1264 This is different from the
1265 .B IP_TTL
1266 option used in Linux.
1267 .PP
1268 Using the
1269 .B SOL_IP
1270 socket options level isn't portable; BSD-based stacks use the
1271 .B IPPROTO_IP
1272 level.
1273 .PP
1274 .B INADDR_ANY
1275 (0.0.0.0) and
1276 .B INADDR_BROADCAST
1277 (255.255.255.255) are byte-order-neutral.
1278 This means
1279 .BR htonl (3)
1280 has no effect on them.
1281 .SS Compatibility
1282 For compatibility with Linux 2.0, the obsolete
1283 .BI "socket(AF_INET, SOCK_PACKET, " protocol )

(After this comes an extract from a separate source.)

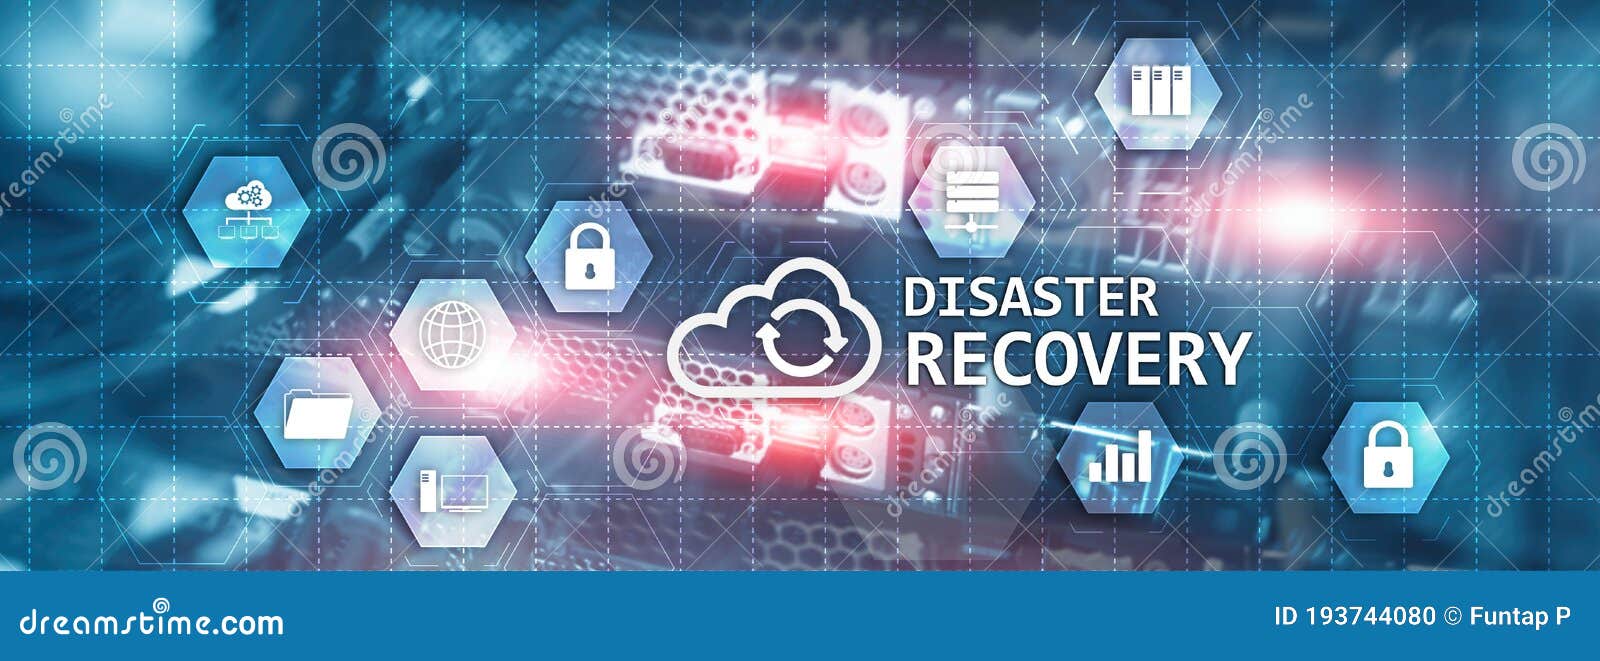 what is a disaster recovery plan in information technology

1284 syntax is still supported to open a
1285 .BR packet (7)
1286 socket.
1287 This is deprecated and should be replaced by
1288 .BI "socket(AF_PACKET, SOCK_RAW, " protocol )
1289 instead.
1290 The main difference is the new
1291 .I sockaddr_ll
1292 address structure for generic link layer information instead of the old
1293 .BR sockaddr_pkt .
1294 .SH BUGS
1295 There are too many inconsistent error values.
1296 .PP
1297 The error used to diagnose exhaustion of the ephemeral port range differs
1298 across the various system calls
1299 .RB ( connect (2),
1300 .BR bind (2),
1301 .BR listen (2),
1302 .BR sendto (2))
1303 that can assign ephemeral ports.
1304 .PP
1305 The ioctls to configure IP-specific interface options and ARP tables are
1306 not described.
1307 .\" .PP
1308 .\" Some versions of glibc forget to declare
1309 .\" .IR in_pktinfo .
1310 .\" Workaround currently is to copy it into your program from this man page.
1311 .PP
1312 Receiving the original destination address with
1313 .B MSG_ERRQUEUE
1314 in
1315 .I msg_name
1316 by
1317 .BR recvmsg (2)
1318 does not work in some 2.2 kernels.
1319 .\" .SH AUTHORS
1320 .\" This man page was written by Andi Kleen.
1321 .SH SEE ALSO
1322 .BR recvmsg (2),
1323 .BR sendmsg (2),
1324 .BR byteorder (3),
1325 .BR ipfw (4),
1326 .BR capabilities (7),
1327 .BR icmp (7),
1328 .BR ipv6 (7),
1329 .BR netlink (7),
1330 .BR raw (7),
1331 .BR socket (7),
1332 .BR tcp (7),
1333 .BR udp (7),
1334 .BR ip (8)
1335 .PP
1336 RFC\ 791 for the original IP specification.
1337 RFC\ 1122 for the IPv4 host requirements.
1338 RFC\ 1812 for the IPv4 router requirements.